Machine Learning (ML), especially Artificial Neural Nets (ANN), can handle large-scale data sets and are implemented as image recognition and computer vision technologies, especially Convolutional Neural Nets (CNN) [23, 24] as a form of Deep Learning (DL). DL models consist of massive parallel computing systems consisting of large numbers of interconnected processing units called artificial neurons, [25, 26] which can be run efficiently on high performance computing systems.

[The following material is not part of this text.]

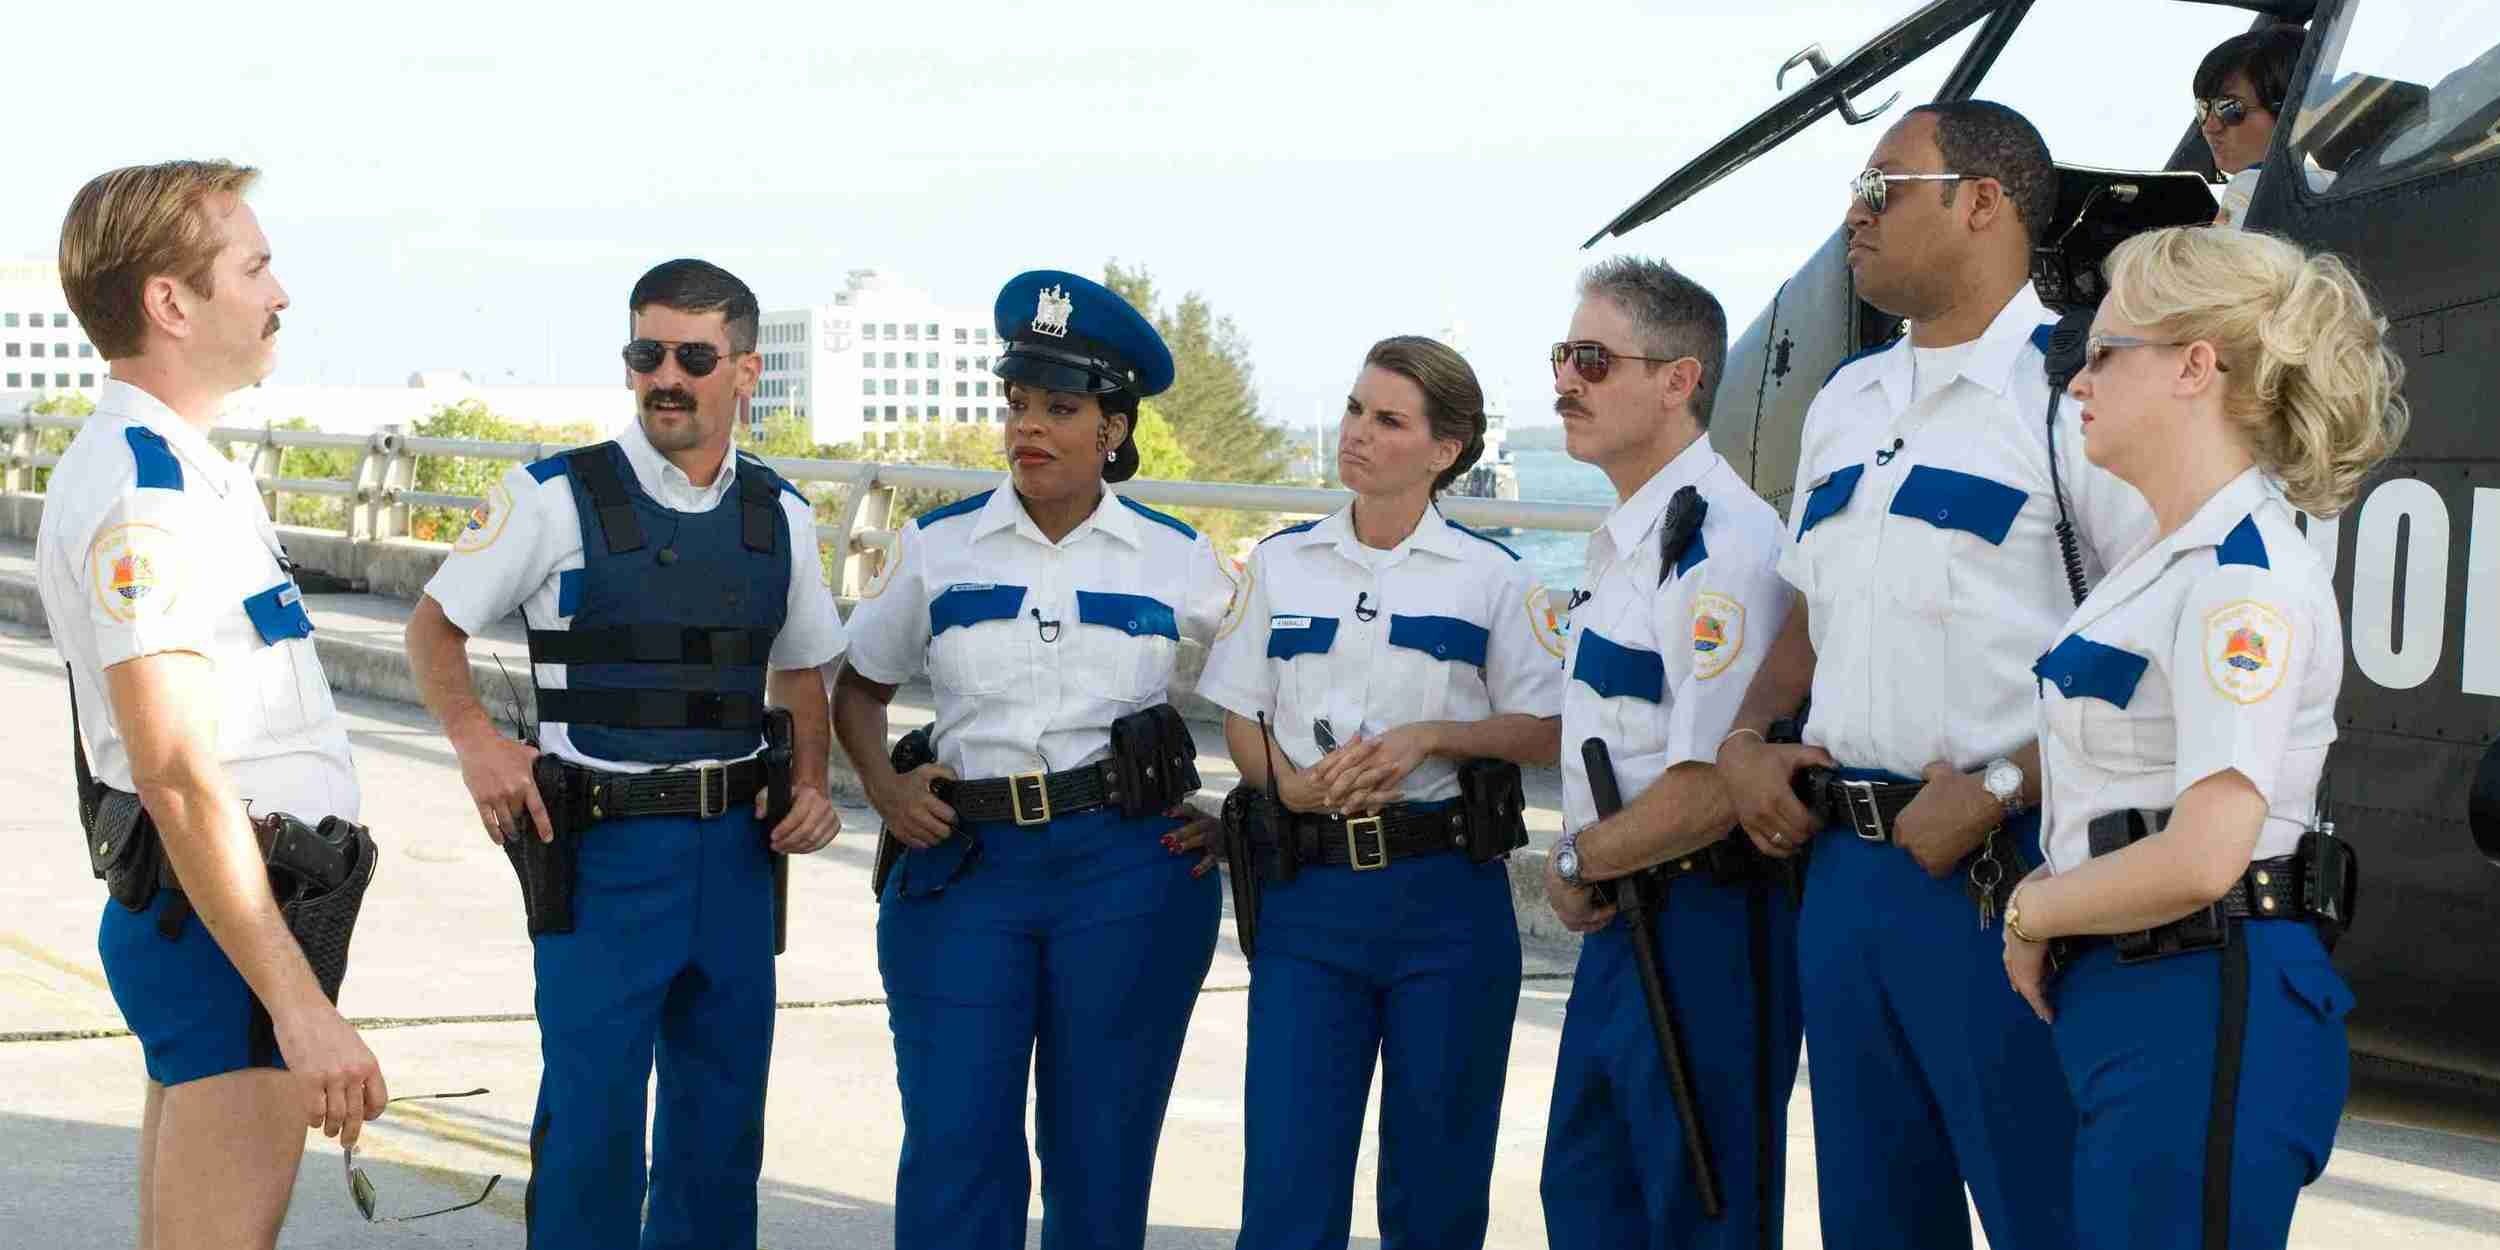 The cast of Reno 911 Miami, being briefed by Jim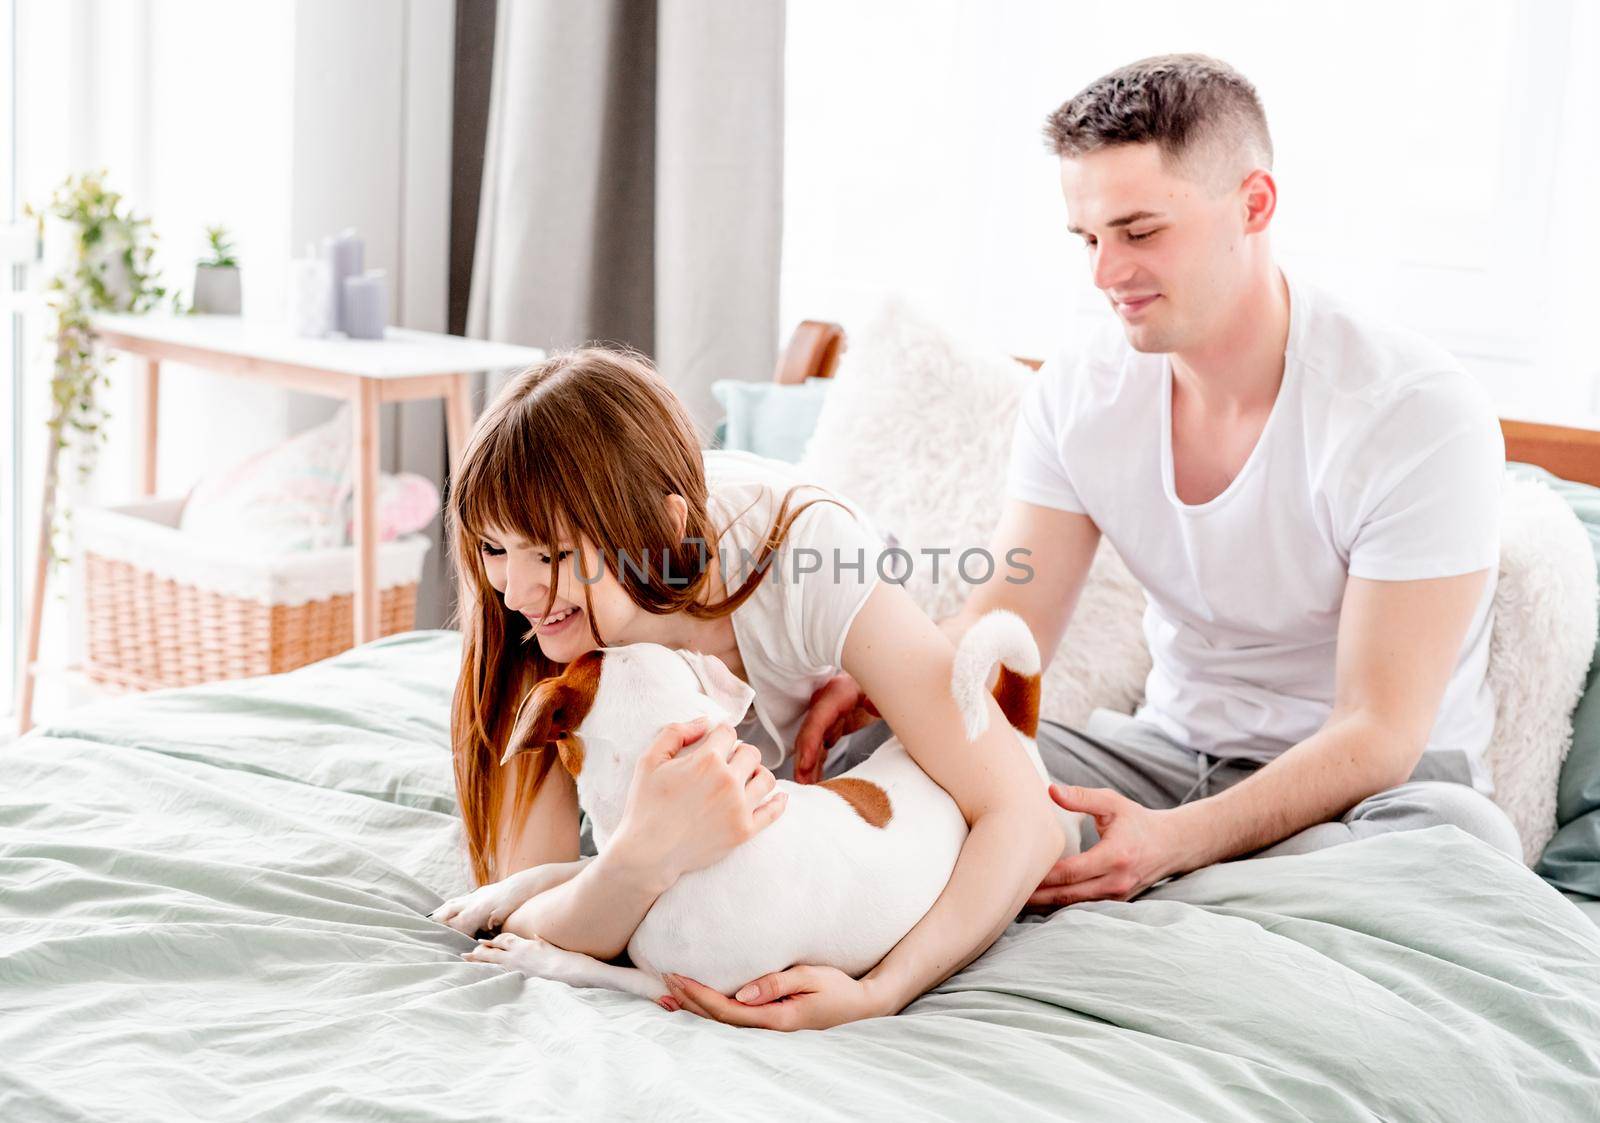 Couple in the bed with dog by tan4ikk1

CNNs contain multiple neural layers to provide functionality for image recognition [24] Thus, these capabilities can be utilized for cell segmentation, cell recognition and disease classification in hematological malignancies [2729]. We here present a CNN-based scalable approach that can detect APL among healthy bone marrow donor and non-APL AML samples from bone marrow smear (BMS) images. The resulting models provide a reliable method for APL diagnosis when genetic data are still pending or an experienced hematopathologist is not immediately available, thereby reducing treatment delay. Further, our DL model can be implemented remotely in areas where no immediate access to high-quality genetic testing is available, thereby enabling the diagnosis of APL in non-industrialized countries, where APL is often more common [8, 9].

Methods

In this study, we trained a multi-stage DL platform to segment cells in BMS and distinguish between APL and non-APL AML as well as APL and healthy bone marrow donor samples using visual image data only.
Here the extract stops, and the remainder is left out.